The wonderful thing about Gavin, and why I loved him more than a front-row seat to Chris Rock, was that he did something the other coolheads didn’t do when they glanced in my direction—he smiled. This miracle had happened seven times. The first time occurred when he was parking his blue Volvo and Jazzy pulled in next to him. He smiled at me three times when we passed in the hallway at 10:55, twice as we waited in line for turkey and gravy in the cafeteria, and once when I was on my way to the bathroom and he was waiting for the water fountain. Gavin’s deep blue, dreamy eyes pierced straight through me and his soft lips glowed like a marquee that read: KISS ME! For those seven moments we connected.
&
nbsp; But today Gavin walked by me without making eye contact. Suddenly a female skeleton with hair caught up with him and the giggling couple plopped down in the fifth row. Gavin snuggled close to his anorexic supermodel girlfriend—his tragic flaw. Spiral binders and a hard wooden armrest were the only barriers between them.

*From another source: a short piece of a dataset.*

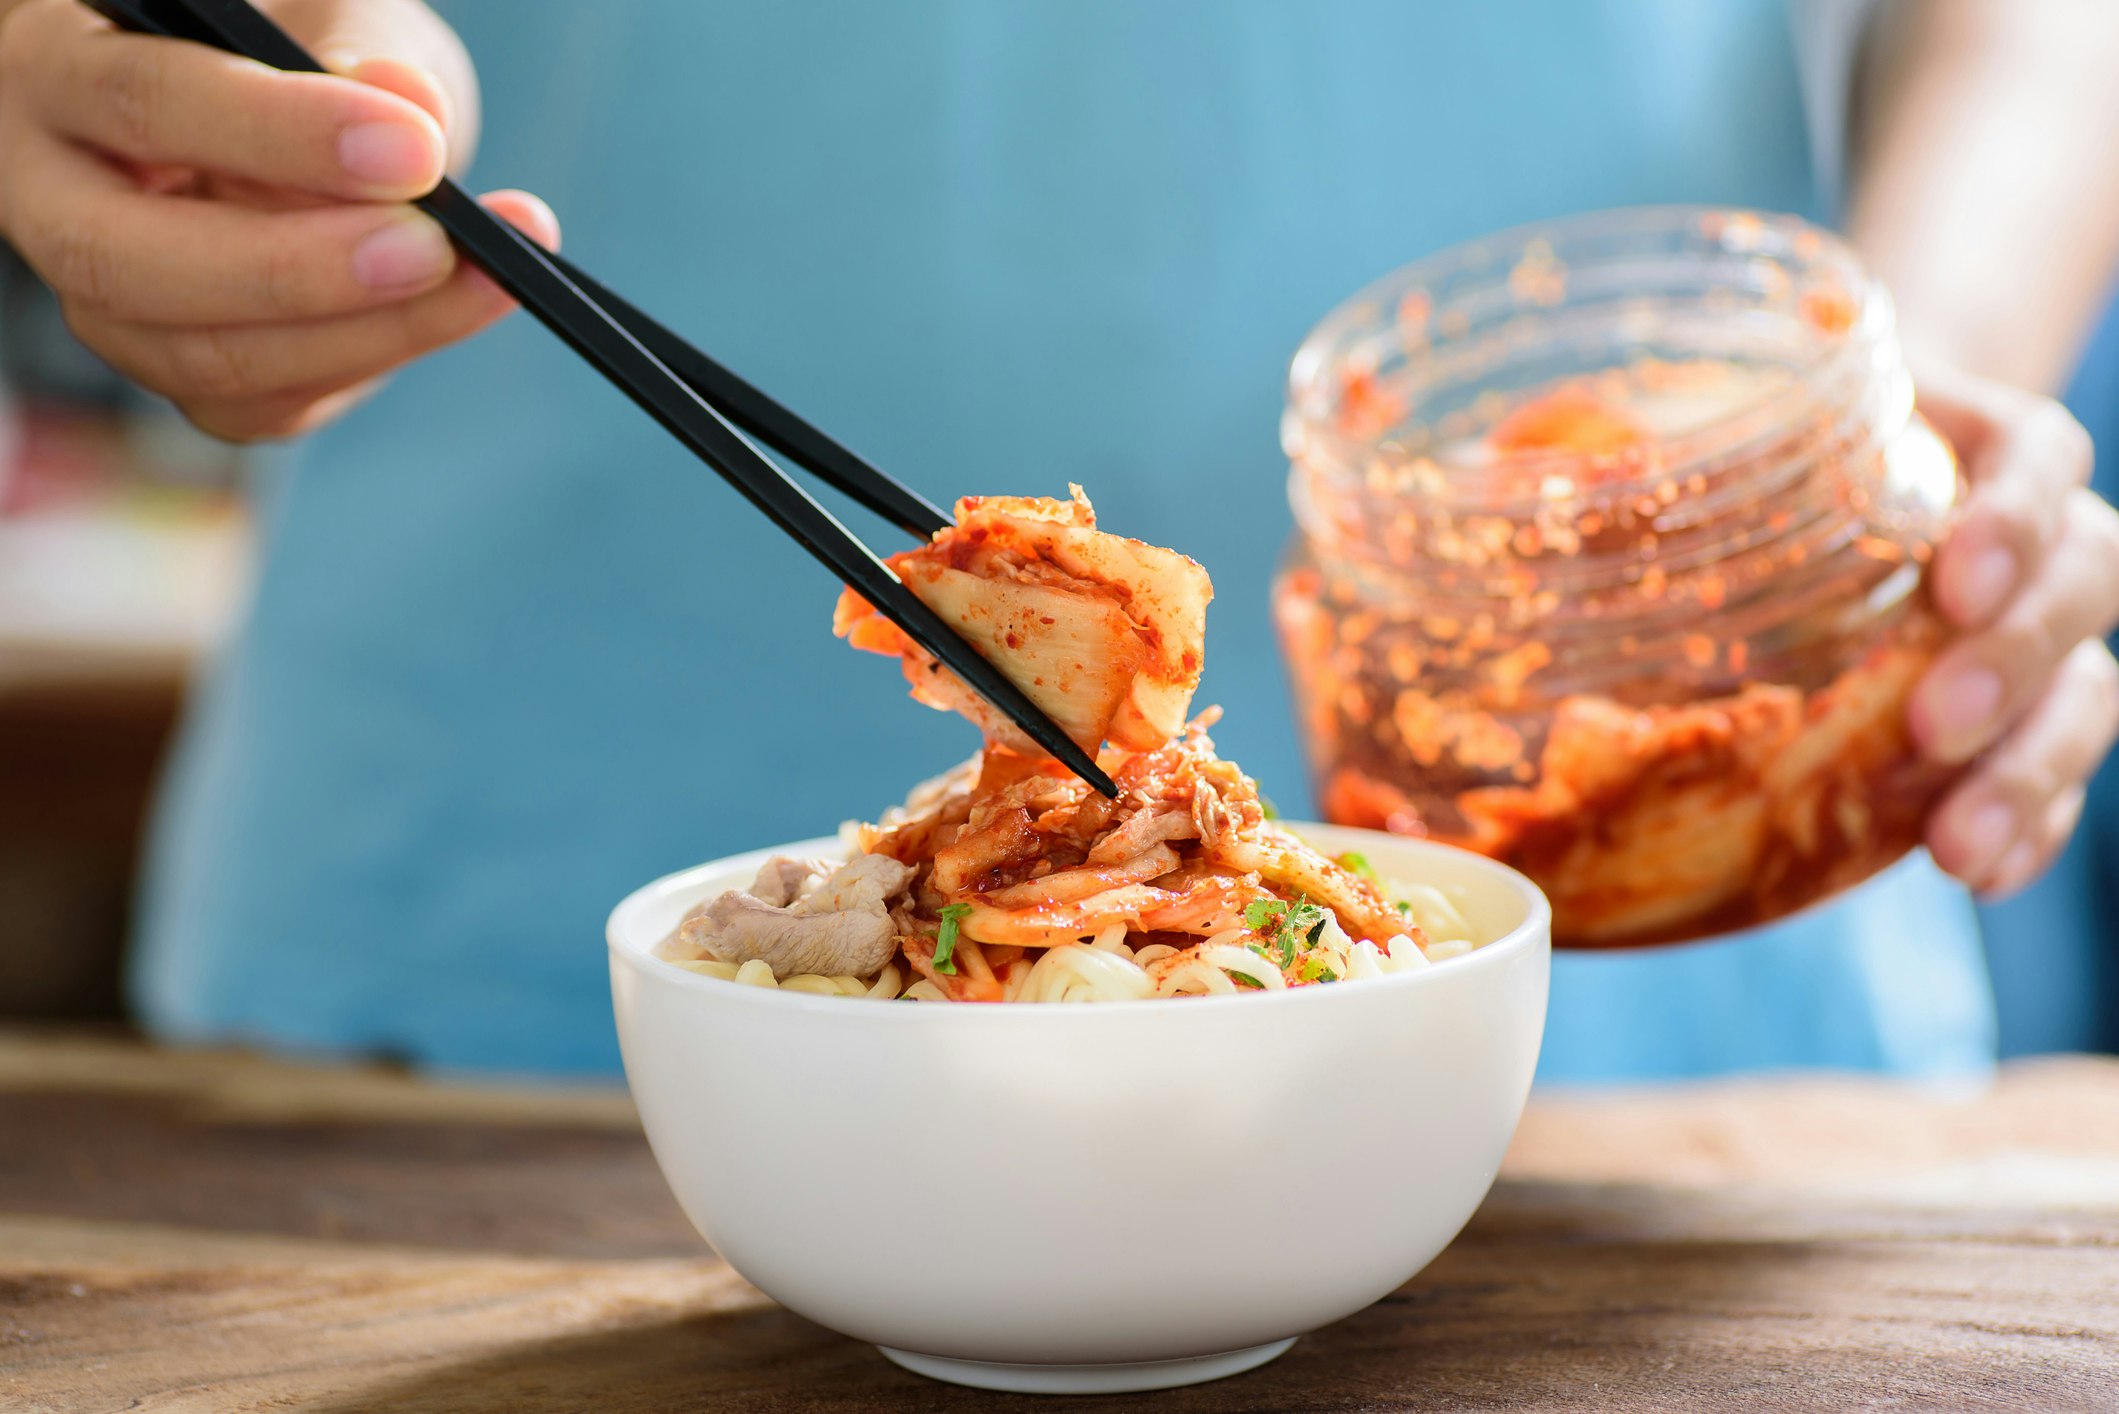 Kimchi served with a bowl of noodles

“If he only knew his true love was over here, sitting next to me,” Jazzy said supportively, “he’d give Stinkface Travers das boot!”
“I can’t compete with her. She’s magazine glam and spends all her time getting waxed! She was left back in kindergarten, which means she has an extra year’s growth in the boob department.”
“Get out!” Jazzy laughed.
“She’s so big,” I teased, “her bra should be on display at Ripley’s Believe It or Not Museum!”
Jazzy laughed again. “No, she’s just got a daddy who’s a plastic surgeon,” she comforted me.
“Her body’s so perfect, she got an A in Anatomy—without taking the class,” I continued, on a roll.
Jazzy and I giggled. “Quiet down over there,” Mr. Barker scolded.
I wouldn’t have been able to survive this kind of trauma without a true-blue friend like Jazlyn Peters.
LOVE AND LAUGHTER
Before that first smile from Gavin in the school parking lot, I’d had a comical series of “drive-thru” relationships with the opposite sex. The first was Mickey Collins in preschool. I, the patient, was lying on my back on the floor in my red Healthtex dress, and Mickey, the doctor, was kneeling over me with a long wooden spoon. Fortunately Miss Burke discovered us before any diagnosis was made.